(DATA BLOCK)
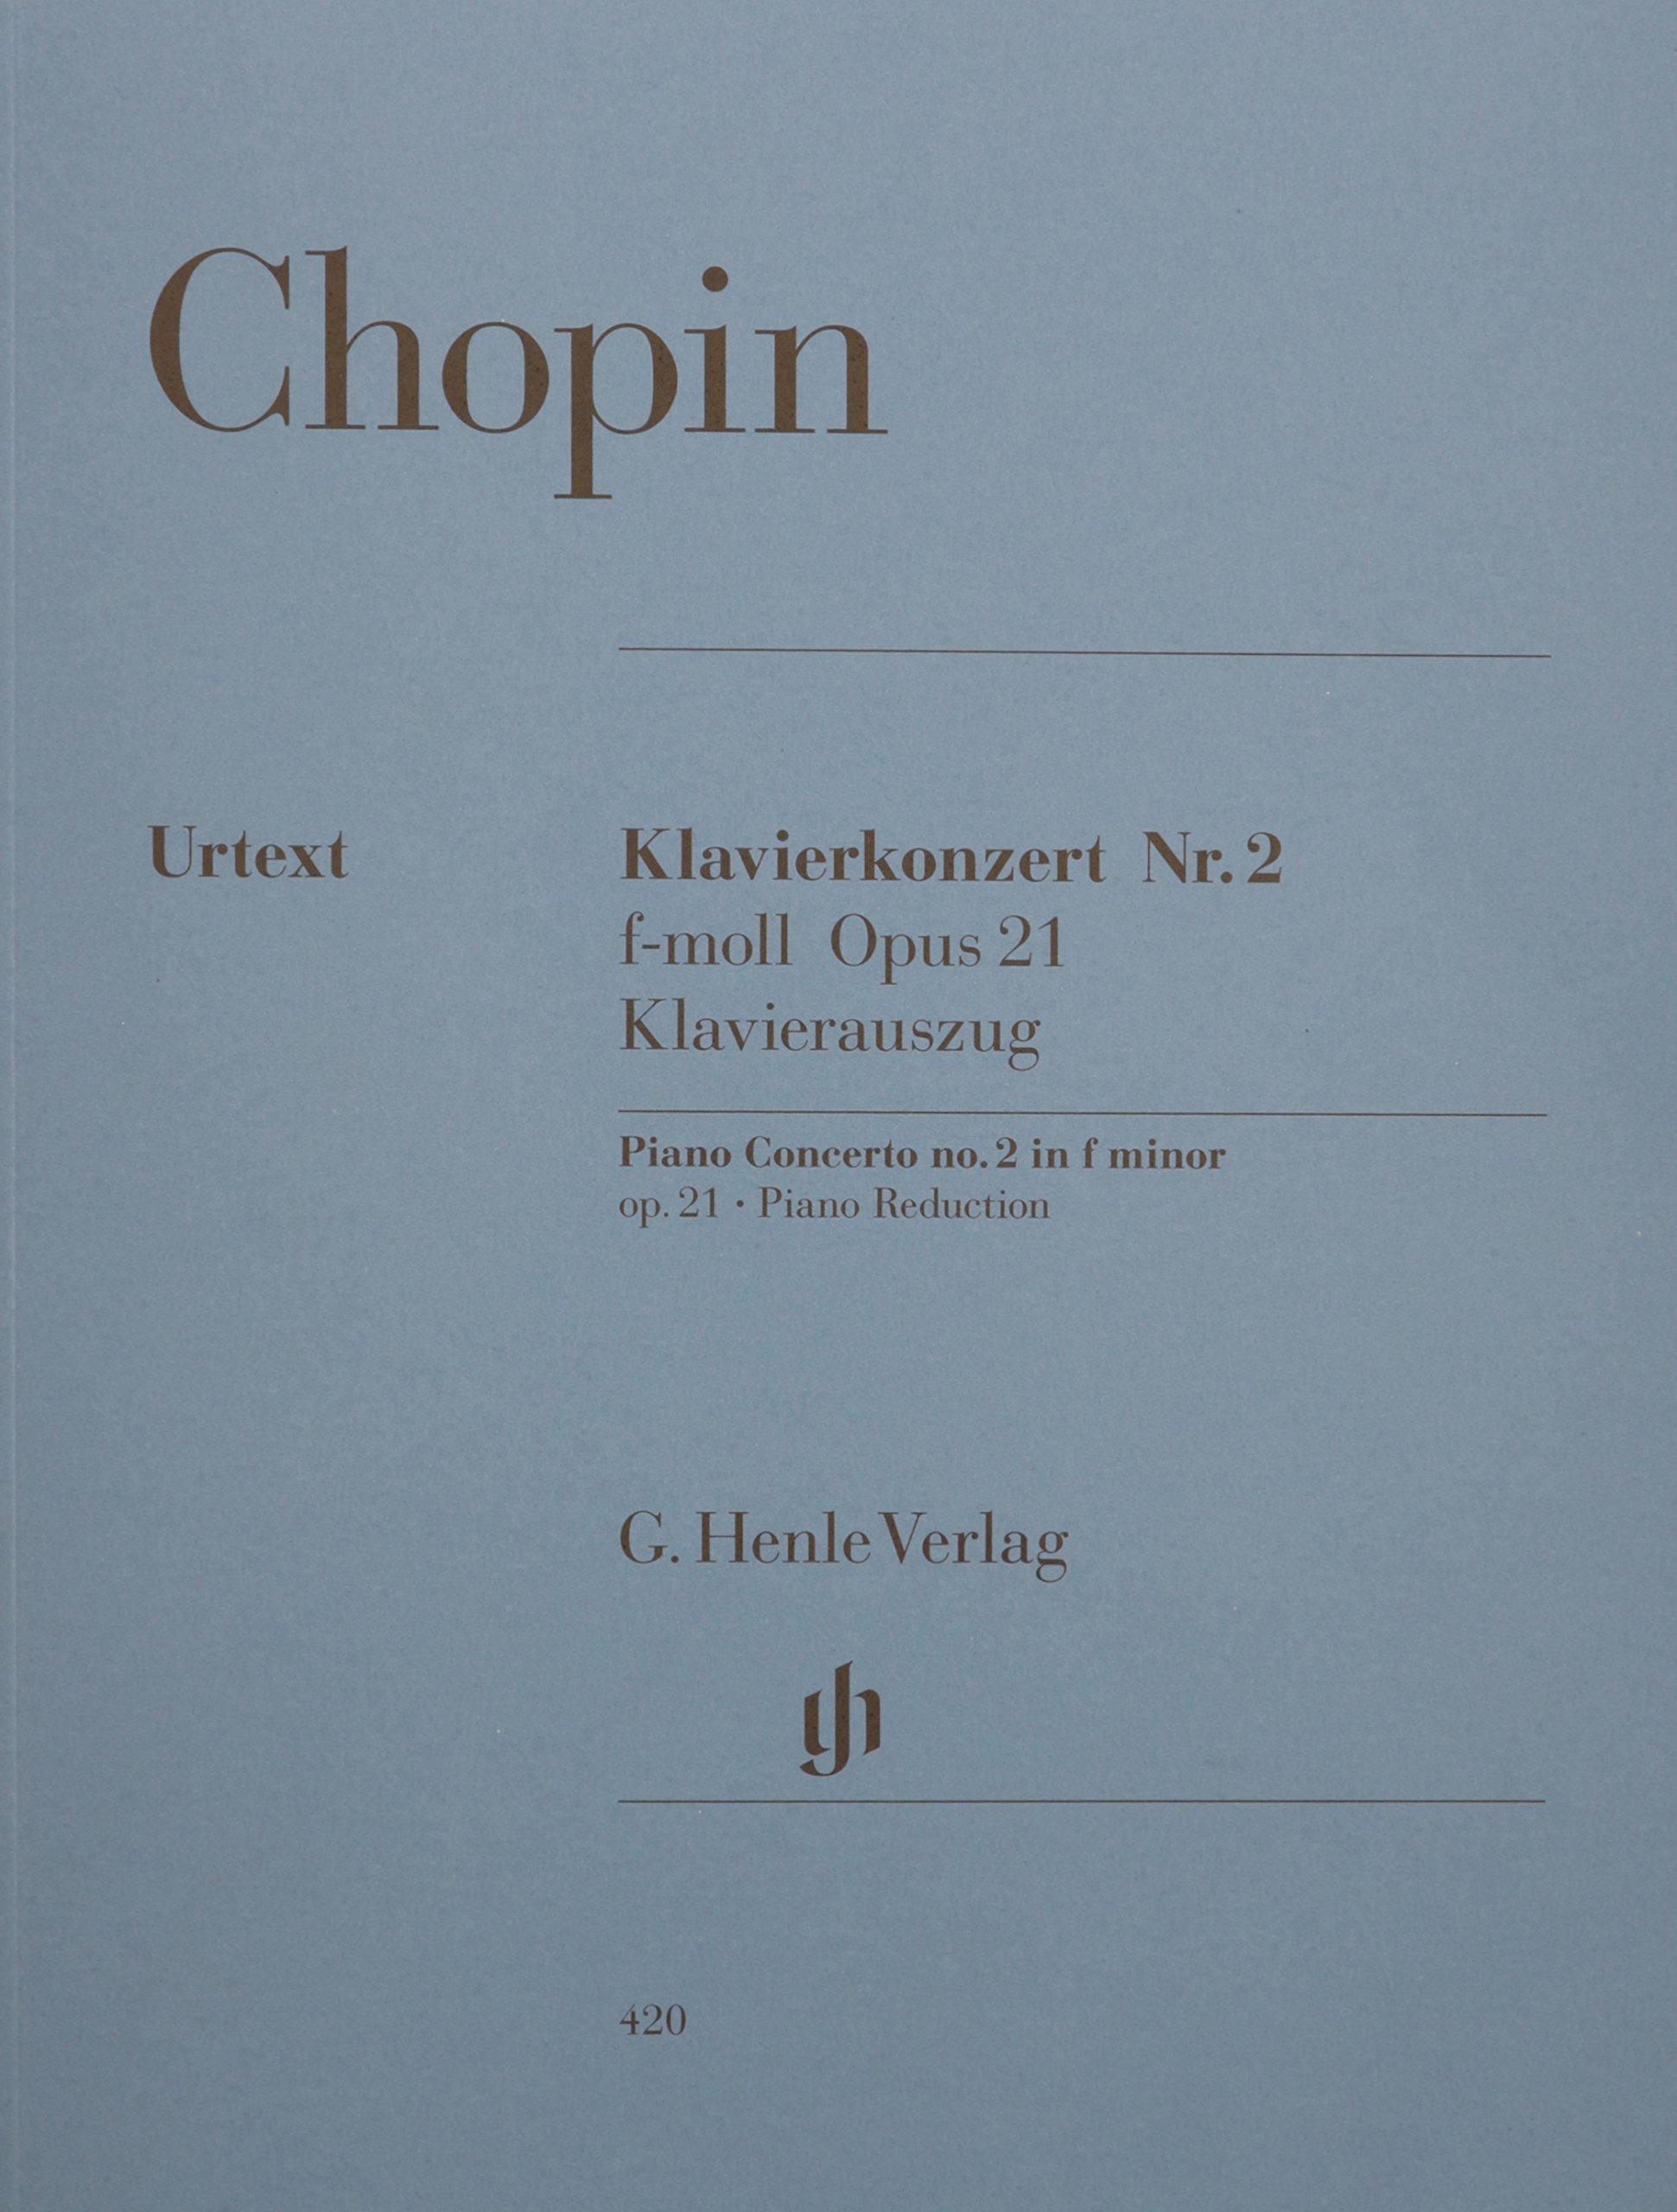 Concerto for Piano and Orchestra F minor Op. 21, No. 2 pdf
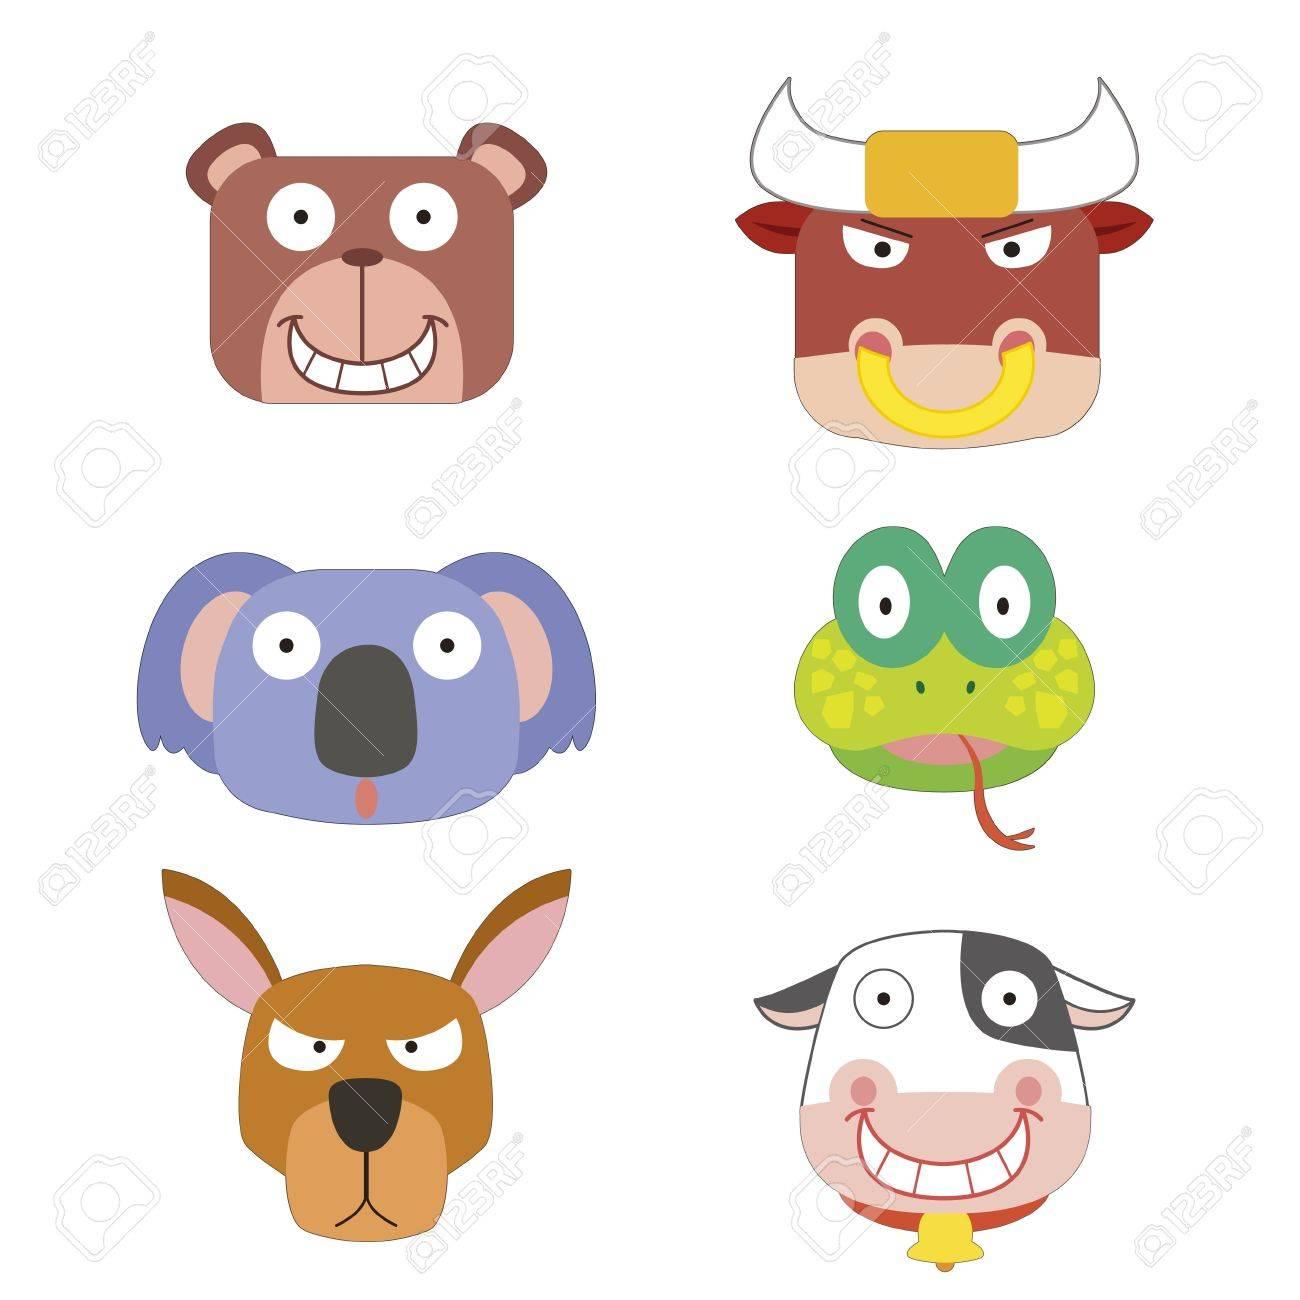 six cute cartoon animal head icons Stock Vector - 17274709
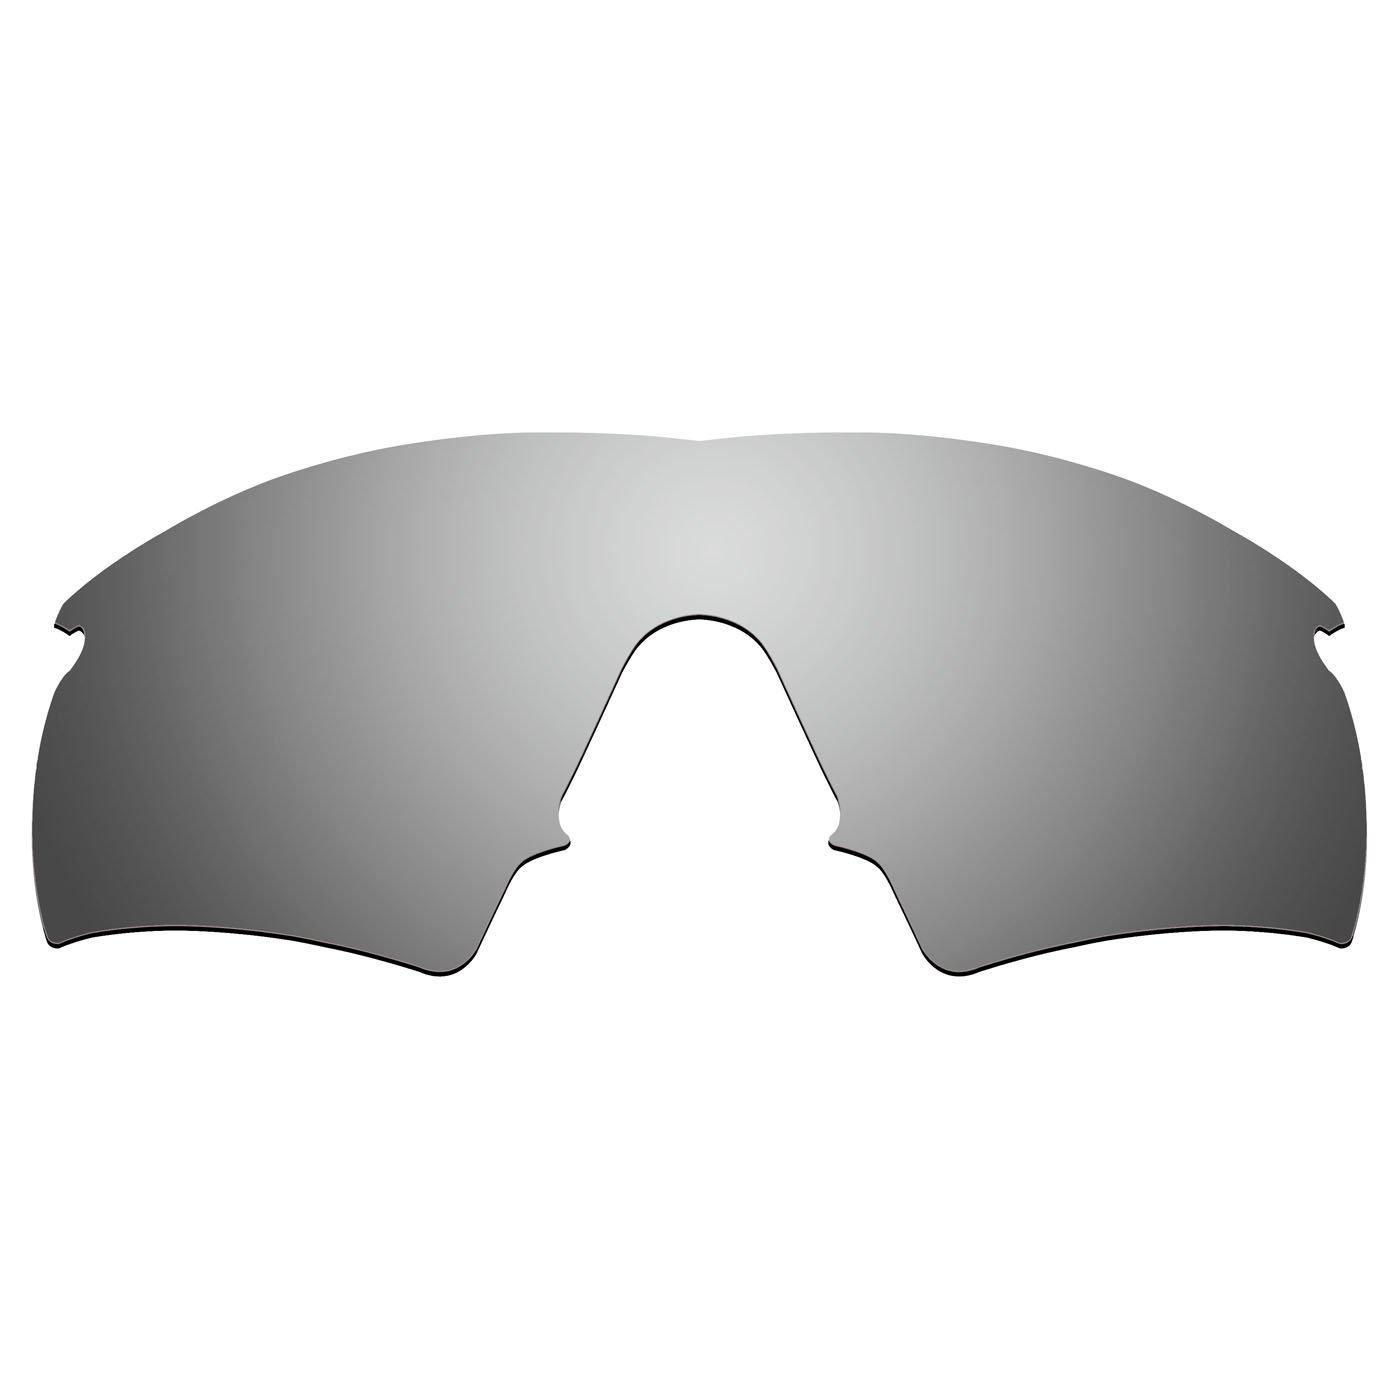 8fa8499ffa ACOMPATIBLE Replacement Lenses for Oakley M Frame Hybrid New (1999 Year)  Sunglasses (Titanium Mirror - Polarized)  Amazon.co.uk  Sports   Outdoors

(ASSIGNMENT)
Write the data above out again exactly, every line of it, and exclude the pictures.

(SOLUTION FOR THIS TASK)
 Concerto for Piano and Orchestra F minor Op. 21, No. 2 pdf
 six cute cartoon animal head icons Stock Vector - 17274709
 8fa8499ffa ACOMPATIBLE Replacement Lenses for Oakley M Frame Hybrid New (1999 Year)  Sunglasses (Titanium Mirror - Polarized)  Amazon.co.uk  Sports   Outdoors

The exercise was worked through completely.